__INPUT DATA__:
· · · ·
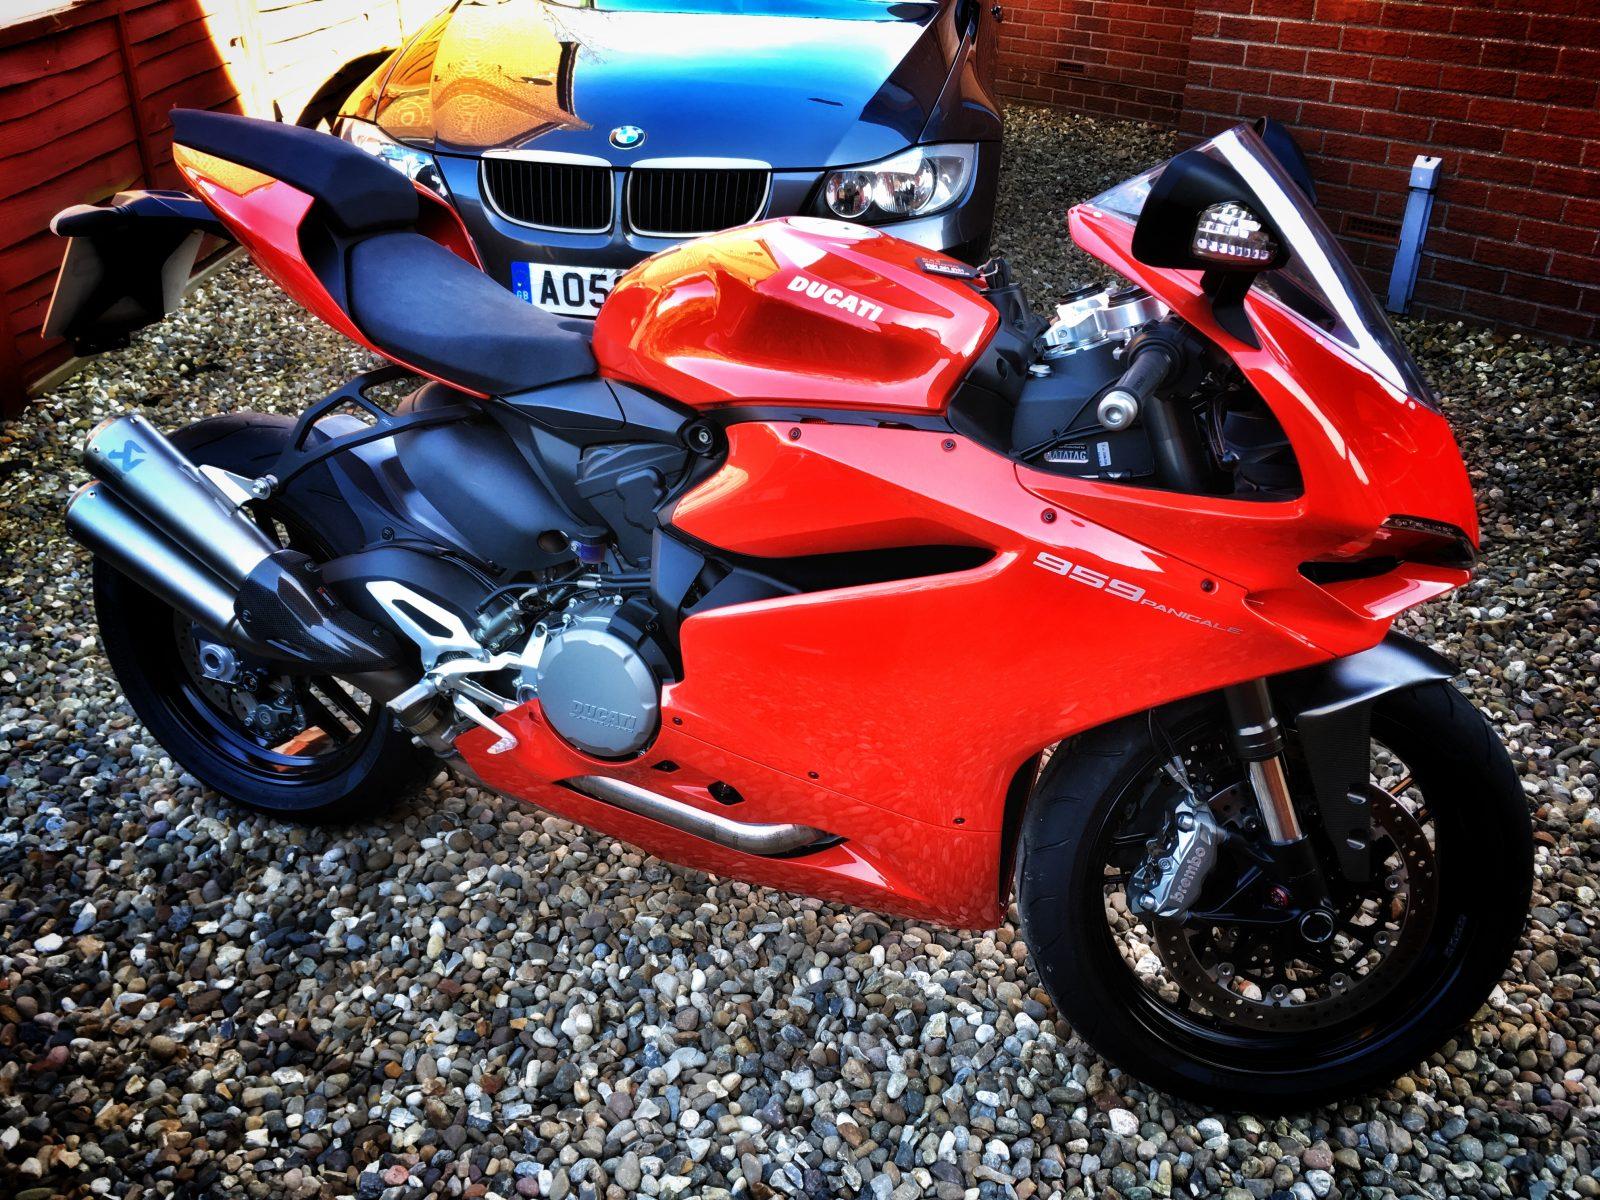 Ducati 959 Panigale
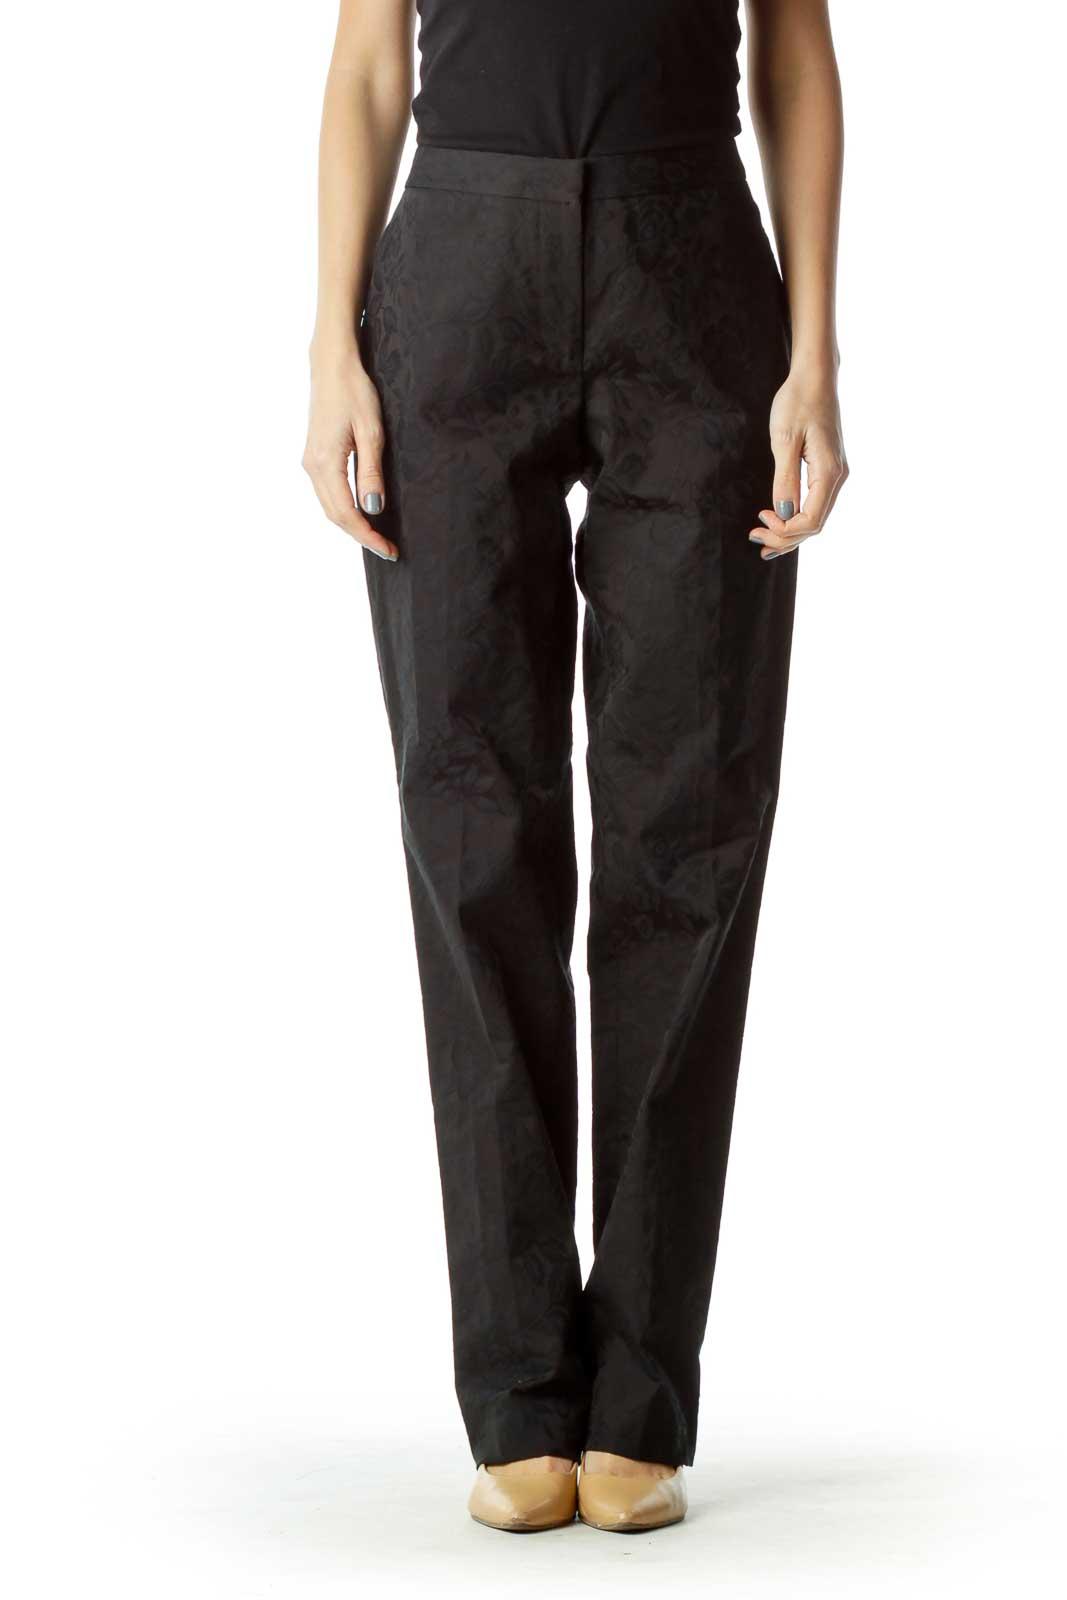 Black Floral Embossed Pants Front
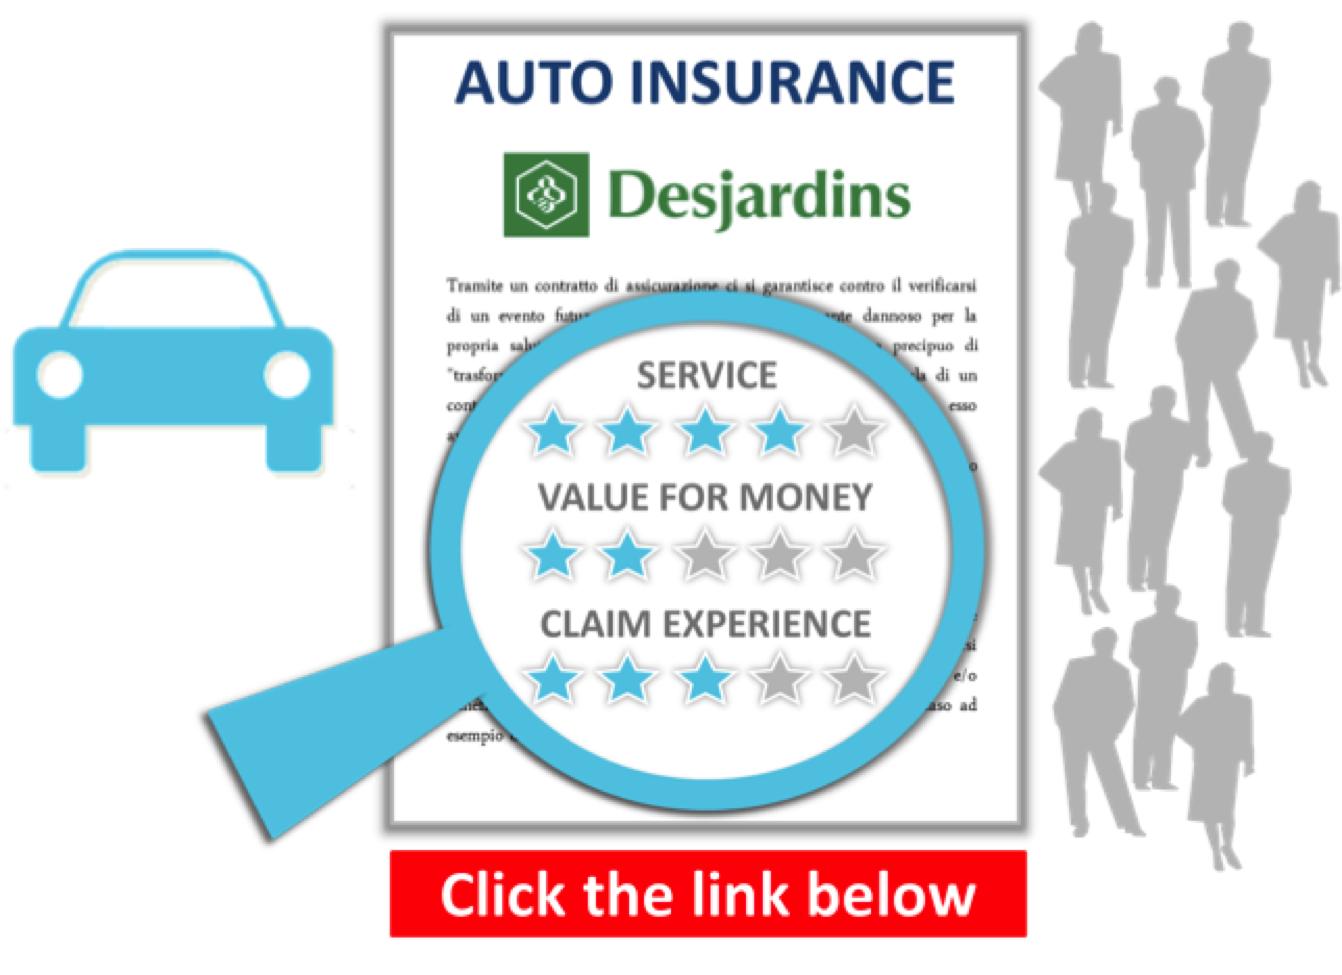 independent consumer reviews for desjardins auto insurance. Black Bedroom Furniture Sets. Home Design Ideas
· · · ·
__EXERCISE OBJECTIVE__:
Return every line above verbatim, pictures excluded.

__RESULT OF THIS TASK__:
 Ducati 959 Panigale
 Black Floral Embossed Pants Front
 independent consumer reviews for desjardins auto insurance. Black Bedroom Furniture Sets. Home Design Ideas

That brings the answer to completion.